Probabilistic QoS Metric Forecasting in Delay-Tolerant Networks Using Conditional Diffusion Models on Latent Dynamics
Enming Zhang, Zheng Liu, Yu Xiang, Yanwen Qu
TL;DR
This paper addresses QoS metric forecasting in Delay-Tolerant Networks by reframing the task as probabilistic multivariate time-series forecasting and introducing a conditional diffusion framework on latent temporal dynamics. The proposed DiffTCN framework integrates diffusion models with contextual subsequences via latent dynamics captured by temporal convolutional networks and Transformer-based embeddings to handle non-stationary and multi-modal data. Empirical results on a public latency dataset show that DiffTCN improves MSE, MAE, and CRPS over strong baselines, while providing more reliable forecast distributions. This work enables risk-aware QoS management in DTNs and opens avenues for handling out-of-distribution scenarios in dynamic networking environments.
Abstract
Active QoS metric prediction, commonly employed in the maintenance and operation of DTN, could enhance network performance regarding latency, throughput, energy consumption, and dependability.
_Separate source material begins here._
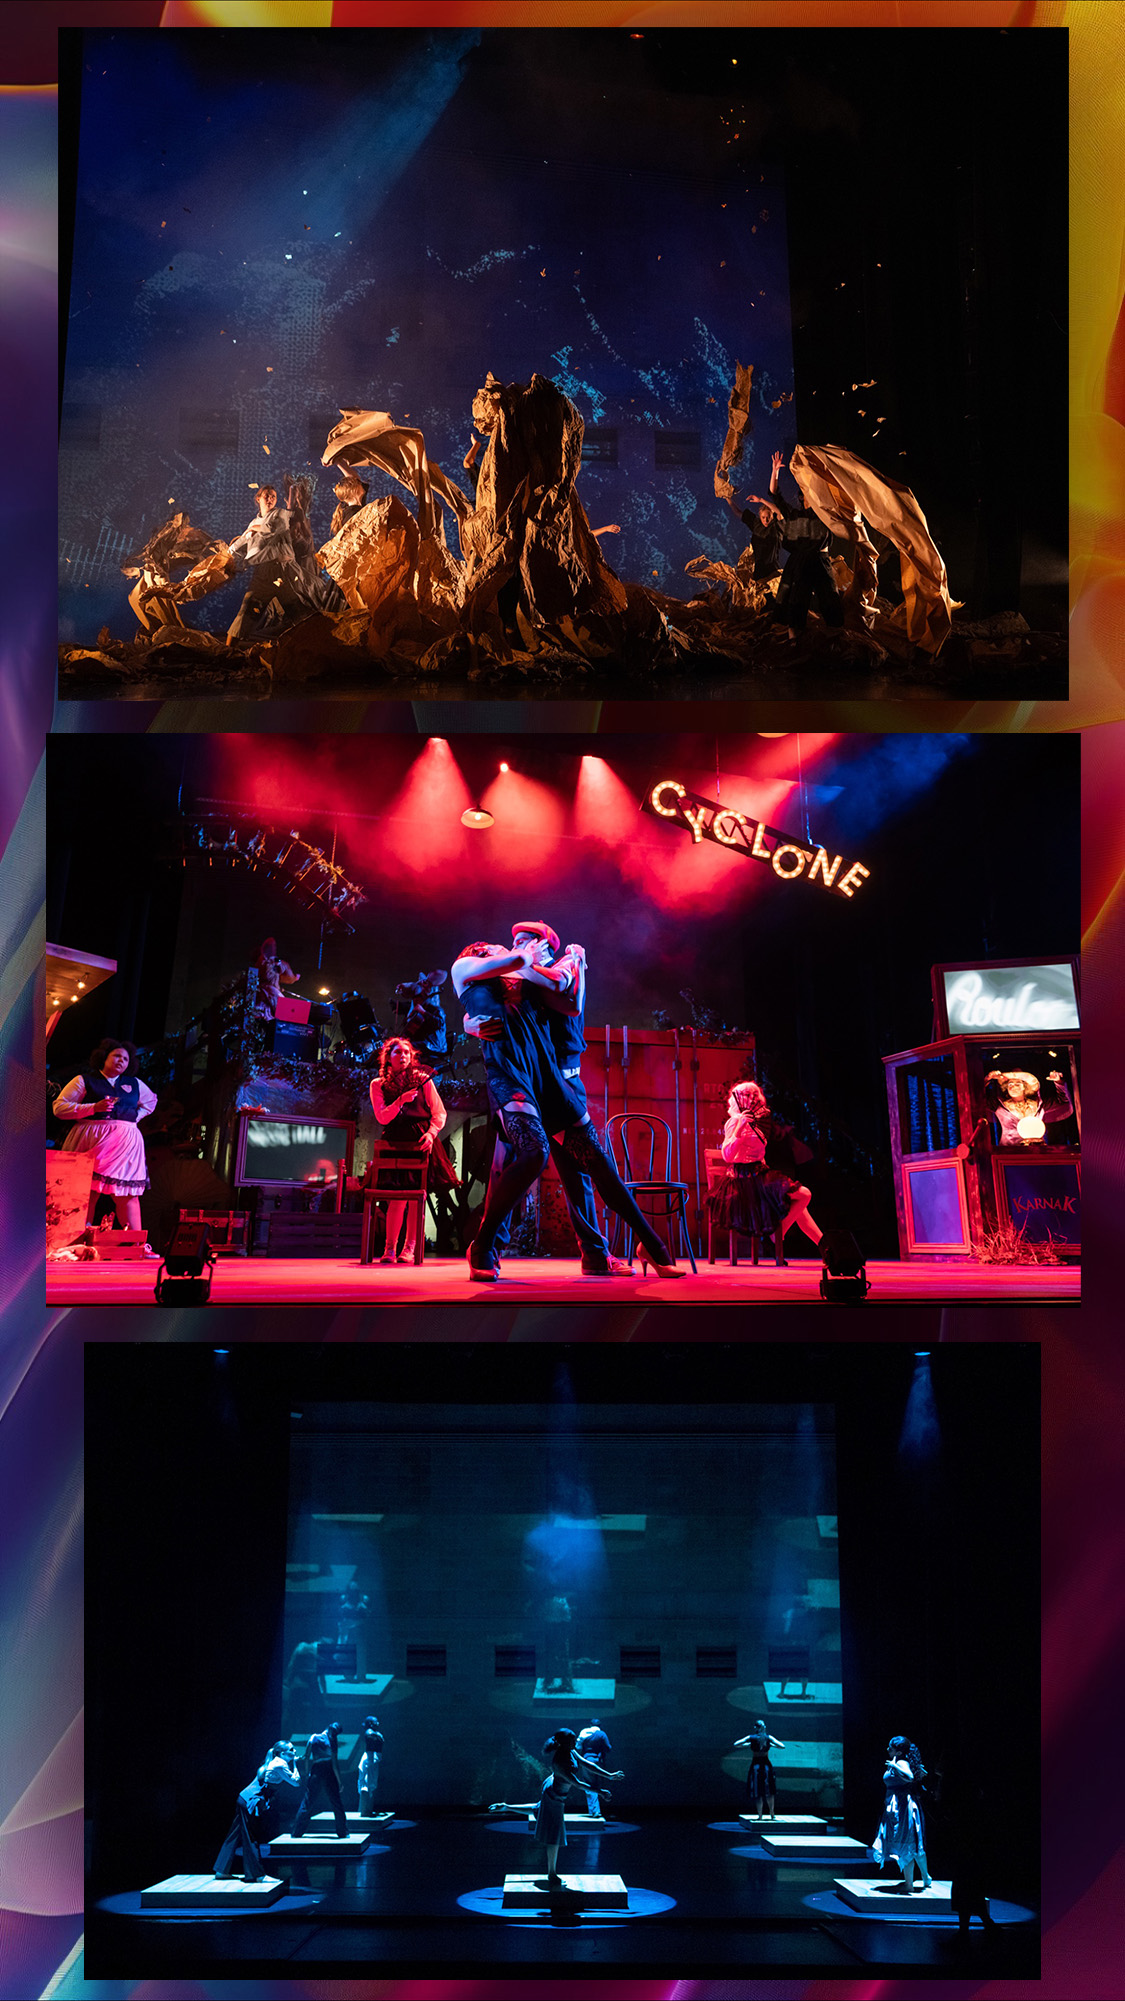 Three images on a multicolored field. The first image is of a dance peace with beautiful amber lighting catching the dancers bodies as they rip apart massive  paper in front of blue projections. The second image is of a musical set with actors lit in strong dynamic and primary red and blue light. The third image is of dancers in isolating blue downlight and live feed of the dancers projected onto the wall behind them.

Naturally formulated as a multivariate time series forecasting problem, it attracts substantial research efforts. Traditional mean regression methods for time series forecasting cannot capture the data complexity adequately, resulting in deteriorated performance in operational tasks in DTNs such as routing. This paper formulates the prediction of QoS metrics in DTN as a probabilistic forecasting problem on multivariate time series, where one could quantify the uncertainty of forecasts by characterizing the distribution of these samples. The proposed approach hires diffusion models and incorporates the latent temporal dynamics of non-stationary and multi-mode data into them. Extensive experiments demonstrate the efficacy of the proposed approach by showing that it outperforms the popular probabilistic time series forecasting methods.